I validated that there was a need for Loconomics, for sure, but coordinating a ton of people that are interested in it and not having the funding to
actually hire anybody — I think that was the toughest part. It’s great
having volunteer help but pulling it all together into a tangible product,
that was really hard. I don’t know who possesses that expertise but I didn
’t. It’s still everything I believe in politically, socially, and
philosophically, and I hope someone figures it out.

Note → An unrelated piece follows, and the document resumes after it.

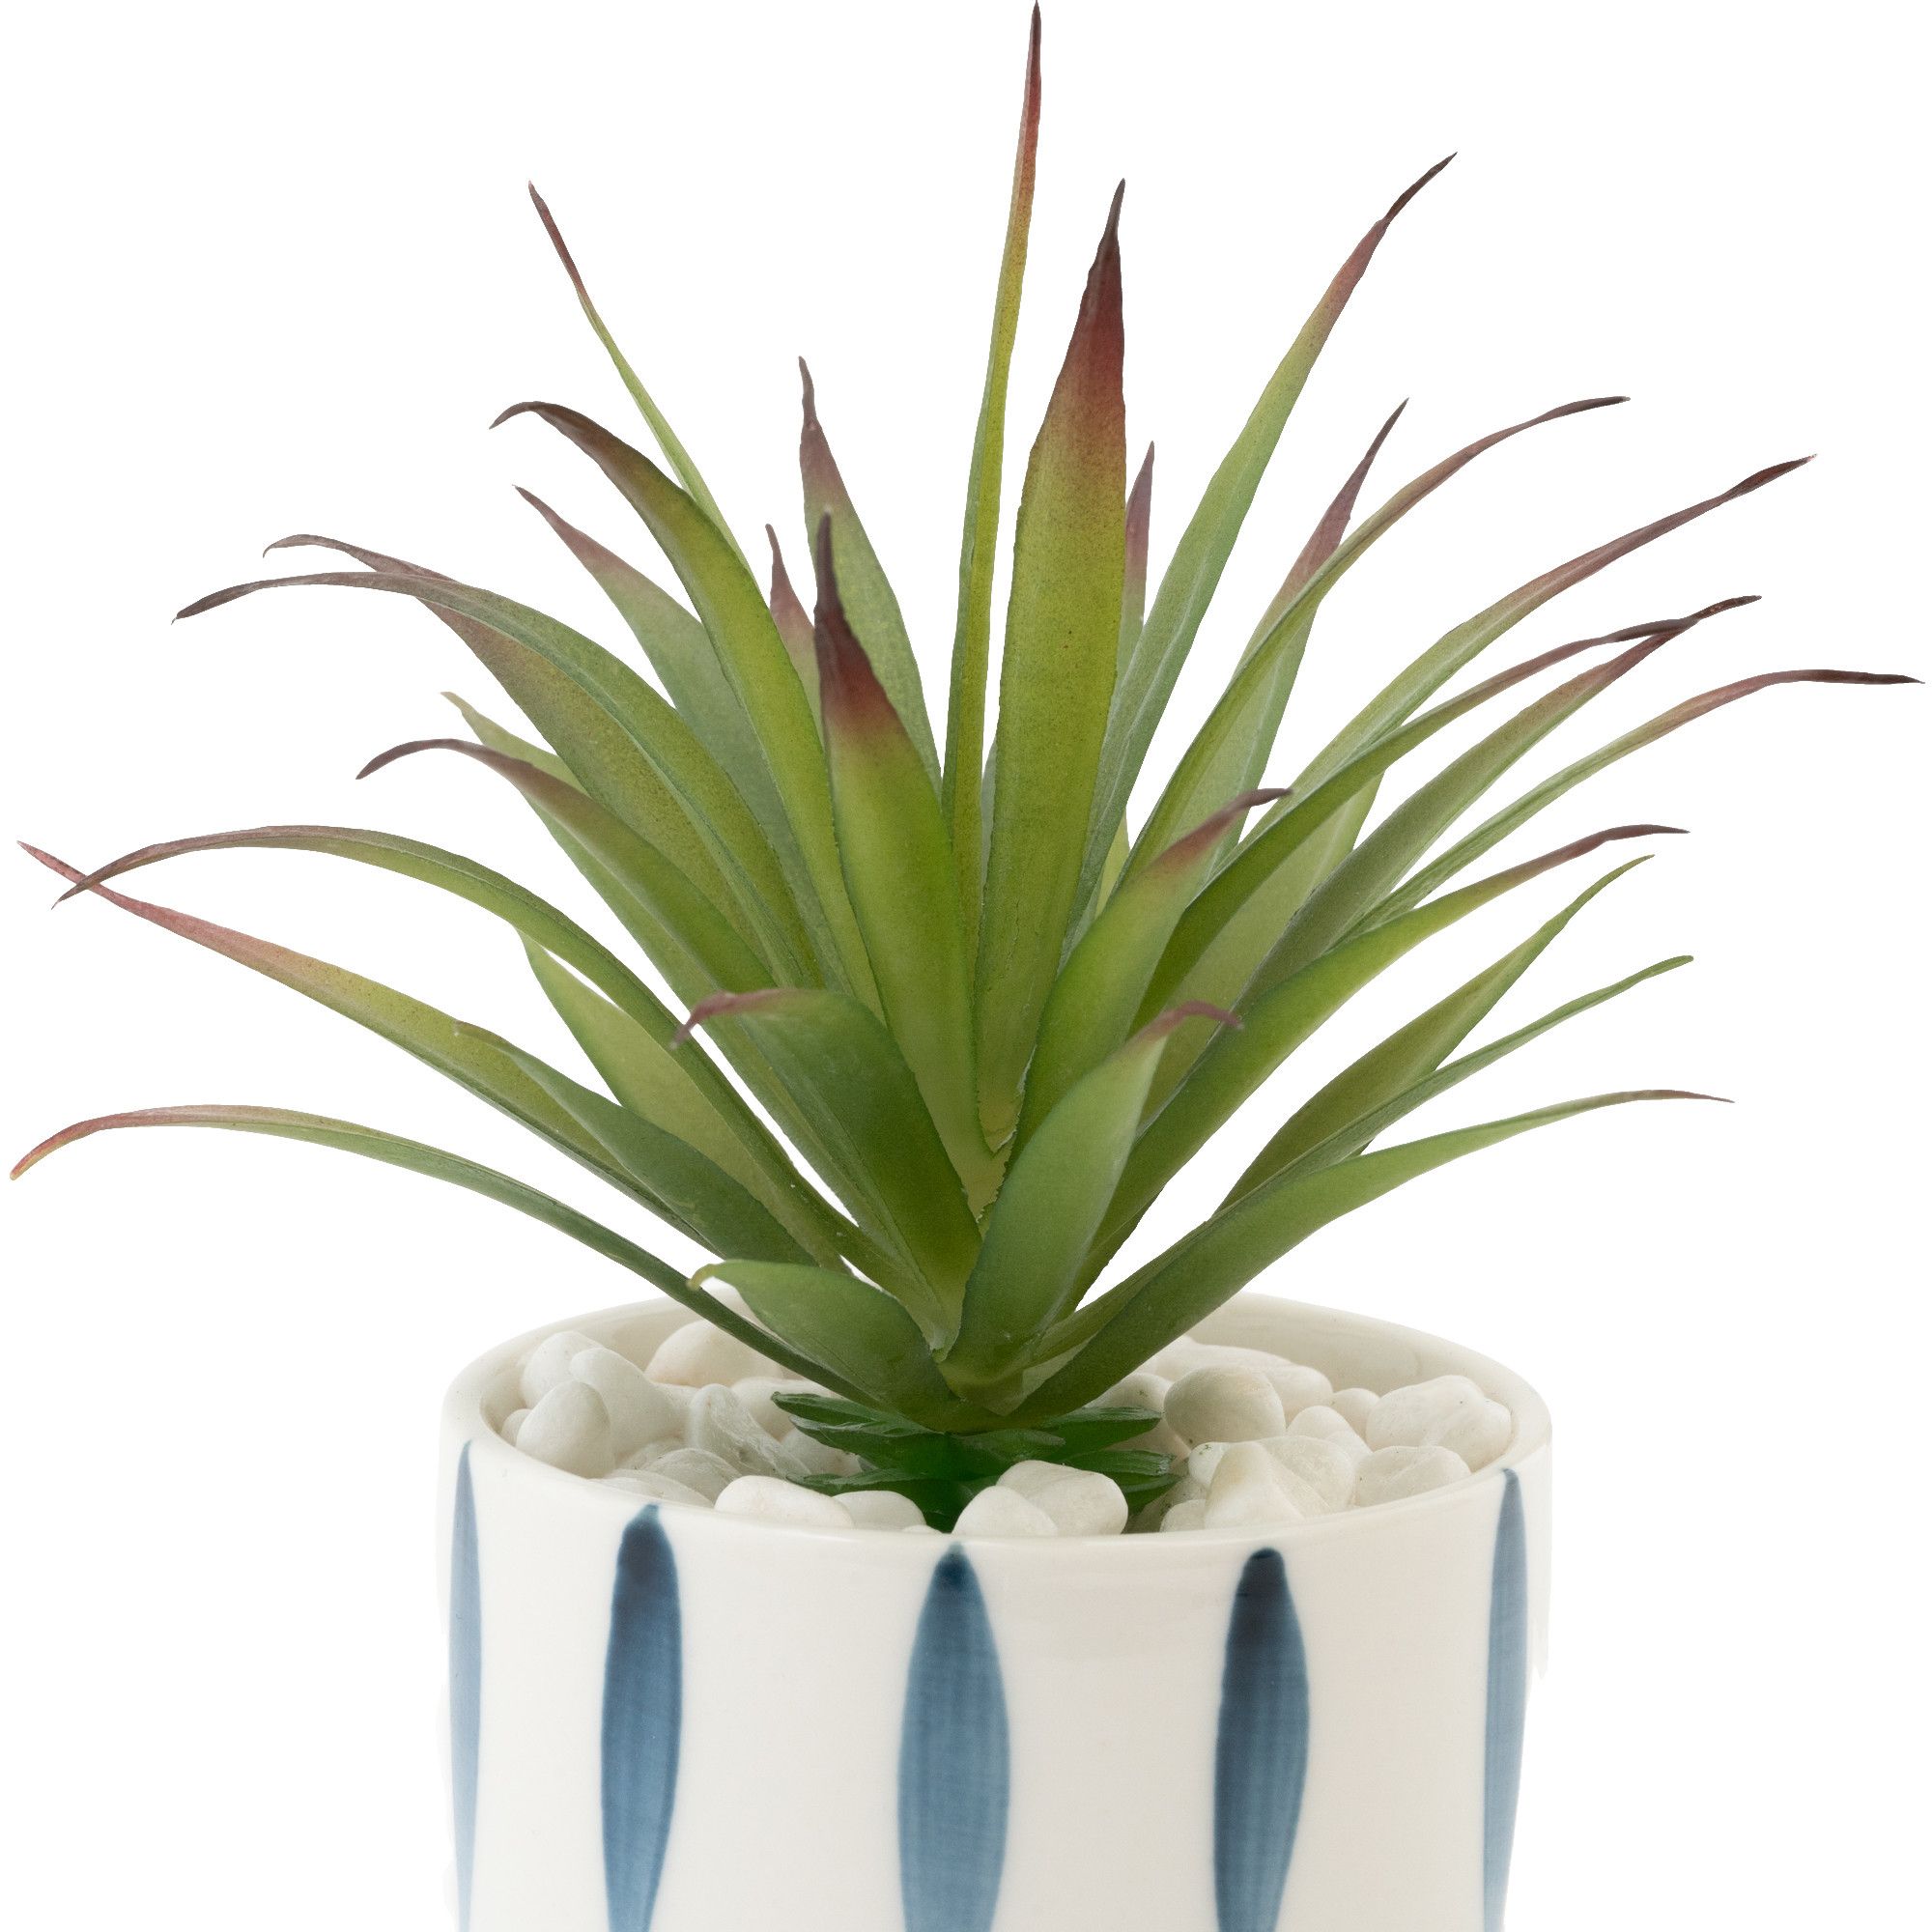 18cm Aloe succulent Artificial plant in Blue & white Ceramic Pot

It was mostly academics and people in Janelle’s circle, in sustainable
economics, and there were tons of fans who saw the need for Loconomics as a solution to the perils of the gig economy — but it was not the workers, the service professionals. I think the platform co-op movement wouldn’t have
started without an example like Loconomics, and I got so many interviews and so much fanfare from it, but it needed to be the people who were actually
going to use the platform. I think on paper it’s the perfect solution, but it’s a little bit more complicated for the workers who actually power the
platform to understand how they benefit, which is what really matters, and
it was harder to reach those people as they weren’t going to the
conferences or reading whatever publications we were in.